La chasse aux produits chimiques

Après des années de marchandages, le règlement européen Reach soumet enfin les principales substances nocives à la question.
Au grand dépit de nombre d’industriels.

Claude-Marie Vadrot  • 28 mai 2009 abonné·es

La réglementation sur les effets et le contrôle des substances chimiques est probablement l’une des avancées européennes les plus intéressantes des vingt dernières années. Aussi, Reach, abréviation de la version anglaise pour « Enregistrement, évaluation et autorisation des substances chimiques », a-t-il logiquement déchaîné passions et pressions. Avec des groupes industriels (français et allemands notamment) pendus aux basques des parlementaires européens, des ministres de ­l’Industrie et des hauts fonctionnaires de la Commission d’un côté ; et des écologistes, dont Greenpeace, très investi dans cette bataille, de l’autre. Un affrontement de plusieurs années débouchant sur ce que le monde associatif considère comme une cote mal taillée. Mais, comme les industriels poursuivent leur harcèlement et leur critiques, le verre paraît au moins à moitié plein.
L’histoire commence en 1998, quand les ministres de l’Environnement, poussés par leurs opinions publiques, qui associent de plus en plus nettement environnement et santé, demandent à la Commission d’évaluer les législations sur les produits chimiques. Cinq ans plus tard, inquiétés par les travaux des experts de la Commission, « trop influencés par les groupes environnementalistes » , Jacques Chirac, Gerhard Schröder et Tony Blair suggèrent fortement au président de la Commission, Romano Prodi, de ne pas se hâter et de ne pas mettre en danger l’industrie chimique européenne. Trop tard, la mécanique est lancée. D’autant plus difficile à arrêter que la publication d’un règlement européen est précédée d’une procédure complexe et définitive ; complexe parce qu’elle relève, après rédaction par la Commission, d’une codécision entre le Parlement (avec plusieurs lectures et amendements) et le Conseil de l’UE, à qui revient de donner in fine son accord politique ; définitive car un règlement s’impose immédiatement aux 27 membres, alors qu’une directive doit être transcrite dans chacun des droits nationaux. Ce qu’un gouvernement peut faire traîner des années.

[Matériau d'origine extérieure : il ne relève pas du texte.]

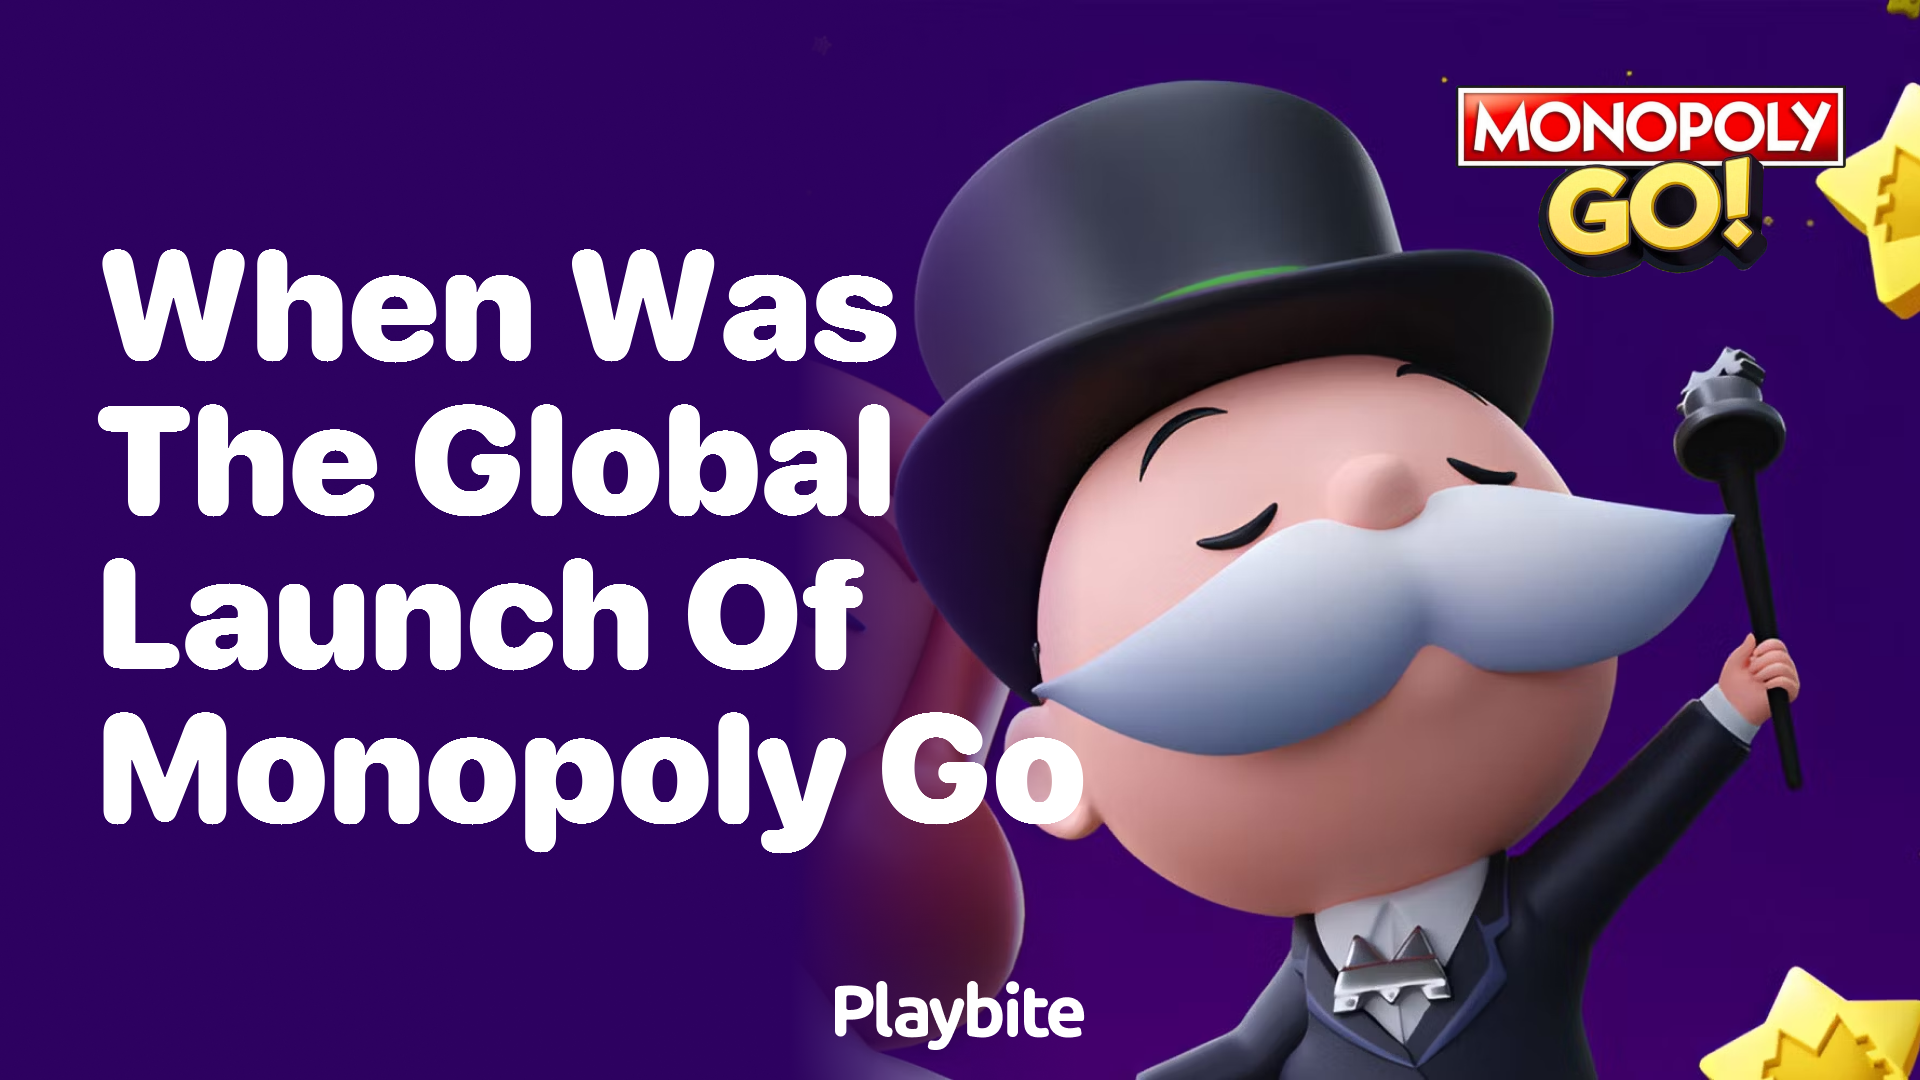 When Was the Global Launch of Monopoly Go?

Proposé en septembre 2003, Reach est en vigueur depuis juin 2007. Et laisse d’autant plus les environnementalistes insatisfaits qu’après des mois de marchandages, des obligations ont été allégées ; ce que le rapporteur, le socialiste Guido Sacconi, admettait du bout des lèvres en décembre 2006 après le vote en expliquant : « Je n’ai jamais cédé sur l’essentiel. » Ce qui n’est pas faux et explique sans doute que, dans tous les votes et amendements, les parlementaires de l’UMP et du Front national se soient dressés contre.

La loi prescrit une procédure d’enregistrement de toutes les substances chimiques produites, importées ou utilisée dans l’UE en quantité supérieure à une tonne par an. Produits dont les toxicités (cancérigènes, mutagènes, bioaccumulables, néfastes pour la reproduction ou non-biodégradables) seront recherchées. Cela se traduira progressivement, au plus tard en 2018, soit par une surveillance accrue, soit par l’inscription sur une liste de substances « extrêmement préoccupantes » , soit par une interdiction ou une obligation (trop mal définie) de substitution. Comme il s’agit d’un processus continu amorcé depuis fin 2008, après la phase de réenregistrement des 30 000 produits concernés, dont 12 500 en procédure non simplifiée, les produits les plus nocifs devraient être retirés des processus industriels à partir de 2010. Ce qui irrite toujours les 5 000 entreprises françaises impliquées.